The setup.sh script provides several options:

Option Description
--deep-clean Perform complete cleaning (JAX cache, pip cache, etc.)
--cpu-only Force CPU-only setup (skip GPU detection)
--force Force reinstallation even if environment exists
--verbose, -v Show detailed output during setup
--help, -h Show help message

Example usage:

./setup.sh                    # Standard setup with auto GPU detection
./setup.sh --deep-clean       # Clean setup with cache clearing
./setup.sh --cpu-only         # Force CPU-only development setup
./setup.sh --force --verbose  # Verbose forced reinstallation

Files Created by Setup¤

File Purpose
.venv/ Virtual environment directory
.env Environment variables and CUDA configuration
activate.sh Activation script
uv.lock Dependency lock file

Package Management¤

Installing Dependencies¤

Datarax defines dependencies in pyproject.toml using optional dependency groups:

# Install all dependencies
uv pip install -e ".[all]"

# Install specific groups
uv pip install -e ".[dev]"      # Development tools
uv pip install -e ".[test]"     # Testing dependencies
uv pip install -e ".[docs]"     # Documentation tools
uv pip install -e ".[data]"     # Data loading (HF, TFDS, etc.)
uv pip install -e ".[gpu]"      # GPU support (CUDA 12)

Adding New Dependencies¤

# Add a runtime dependency (edit pyproject.toml manually)
# Then sync:
uv sync

# Or use uv add for development:
uv add package_name

Installing Multiple Extras¤

Important: uv sync and uv pip install have different syntax for extras.

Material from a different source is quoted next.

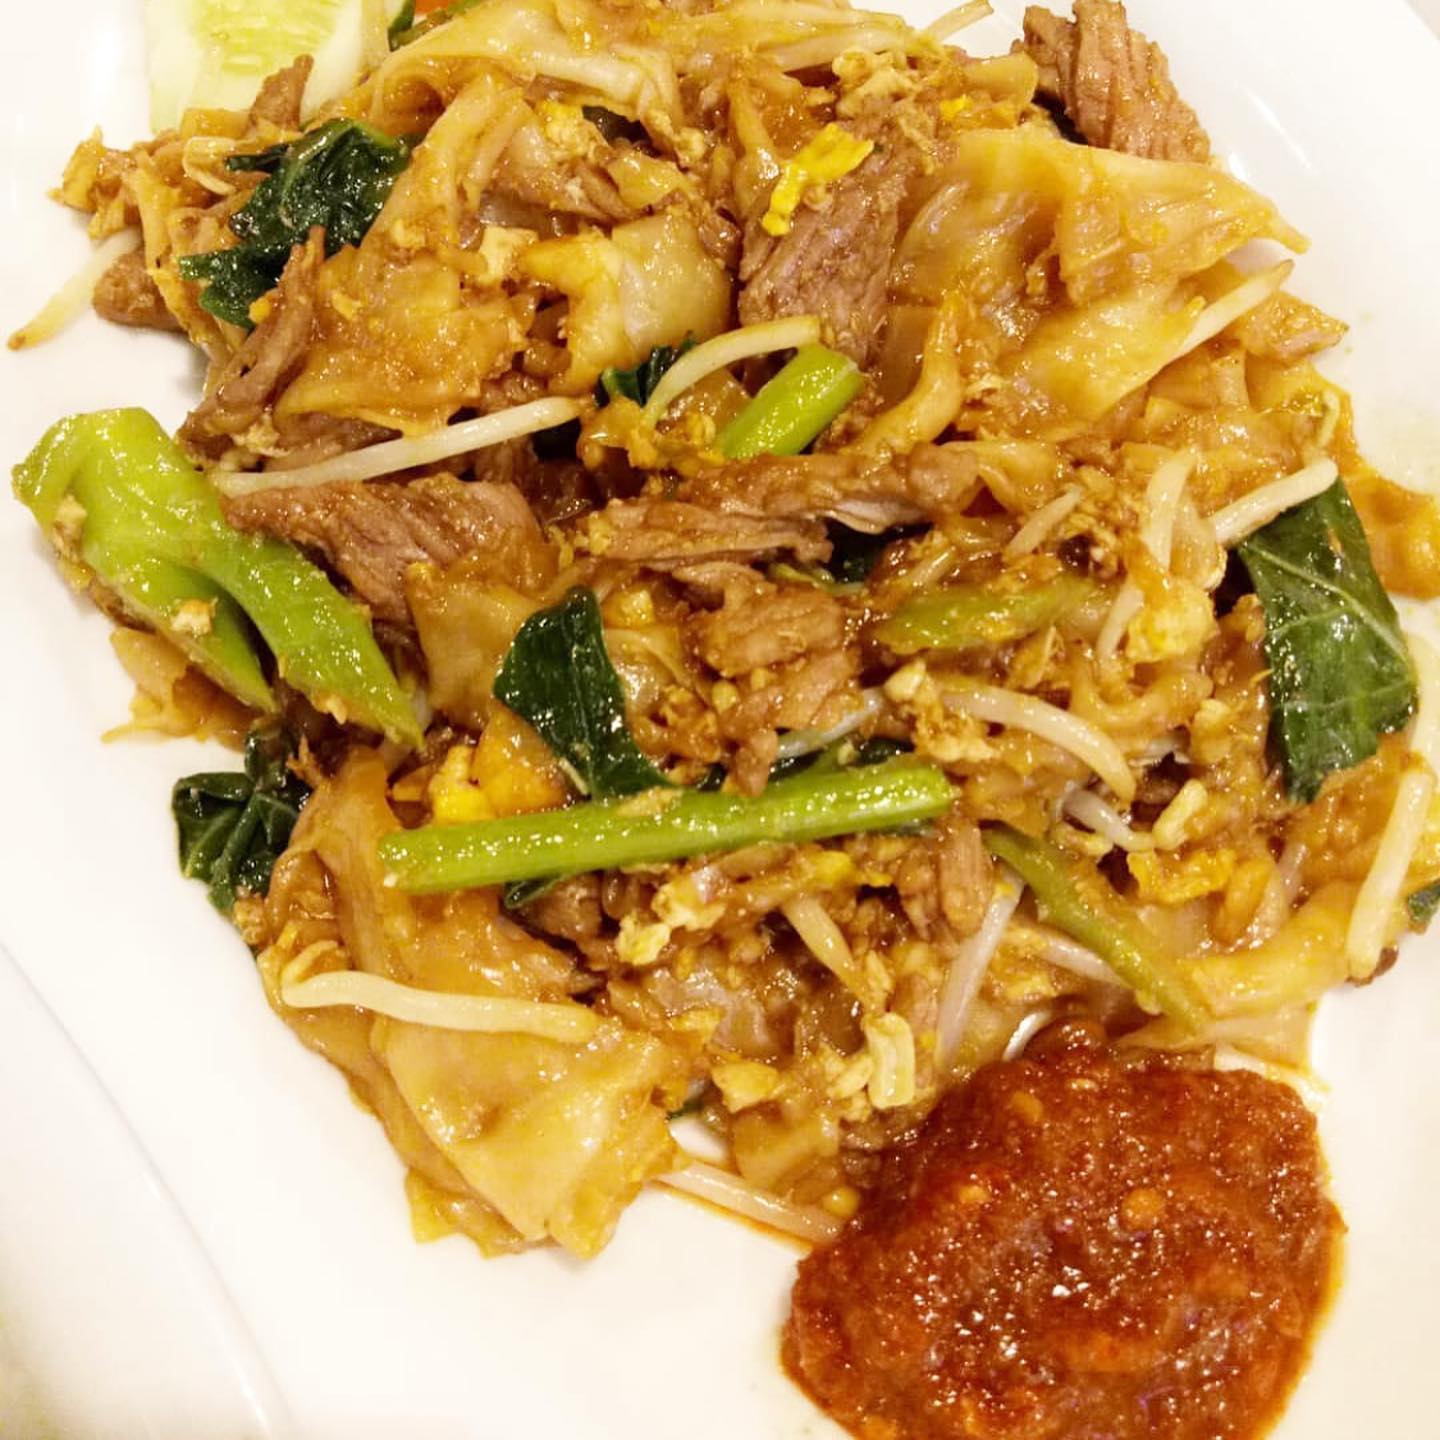 Phad See-ew, kwetiao goreng khas Thailand ini memang beda dengan yang lain. Wajib dicoba.
Terima kasih atas review anda @mimi_wonderfood 🥰 kop khun kah mak mak

# ✅ Correct: pip-style bracket syntax (commas inside brackets)
uv pip install -e ".[dev,test,data]"

# ✅ Correct: multiple --extra flags for uv sync
uv sync --extra dev --extra test --extra data

# ✅ Recommended: use compound extras defined in pyproject.toml
uv sync --extra all      # includes dev, test, data, docs, gpu
uv sync --extra all-cpu  # includes dev, test, data, docs (no gpu)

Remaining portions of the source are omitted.